There is a reason WHY no President has done this thing before in history. It is crass.
Horemheb wants to encourage those with different school schedules to be absent. If it weren’t for the fact it was the Young Prince’s first day back — and the usual introductions are hard to do on another day and we feel that he needs to be there — he would be absent. This absence would cost the school money, and send a message about the tolerance of the American parent for this type of ham-handed political stunt wrapped up like a dead fish in a veneer of civics.

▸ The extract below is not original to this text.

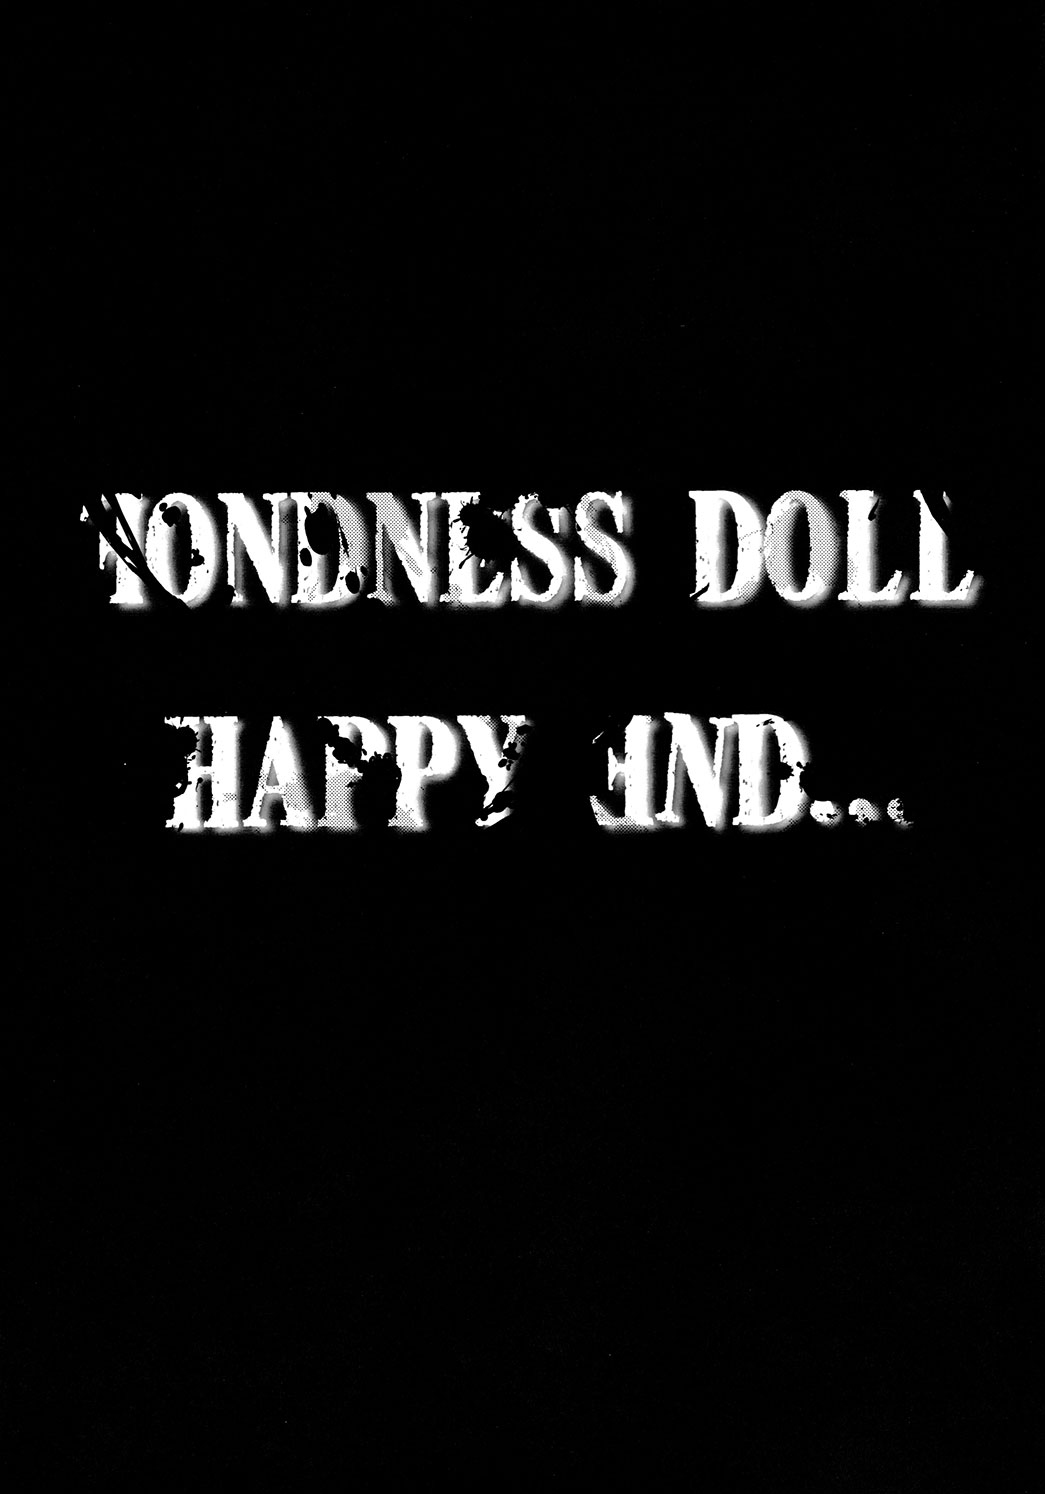 (C91) [御主人様の玩具箱 (hal)] Fondness Doll Happy END [中国翻訳]

I have just notified by team at SoCal-TRC about an idea promoted by pundit Tammy Bruce: September 8–Parentally Approved Skip School Day (P.A.S.S.) Teapartiers, TownHall Patriots–help organize PASS Day picnics
My Internet friend Rosita, is planning to do this very thing. She writes wittily, click HERE for the full text. We are thinking there is going to be a major outbreak of OBAMA FLU!
Stay tuned! I will keep you posted!
UPDATE: Horemheb indicates the school office was closed. A Communications Officer for the local Administrative offices of the San Diego Unified School District indicates that individual schools and teachers will be given the option of running the President’s address or not. Also, there is this today from Michelle Malkin.
UPDATE II: A friend writes this about how my son’s school plans to handle this situation: I had a chance to talk to Mr. M. this morning at K assessments. I asked if he planned on showing the Obama speech schoolwide. He told me that the school has had several phone calls from concerned parents, so he was going to hold a teachers meeting tomorrow to see how many of the instructors plan on showing the speech. He also said we parents can bring a note in on Tuesday asking the teachers to exclude our kids from the viewing.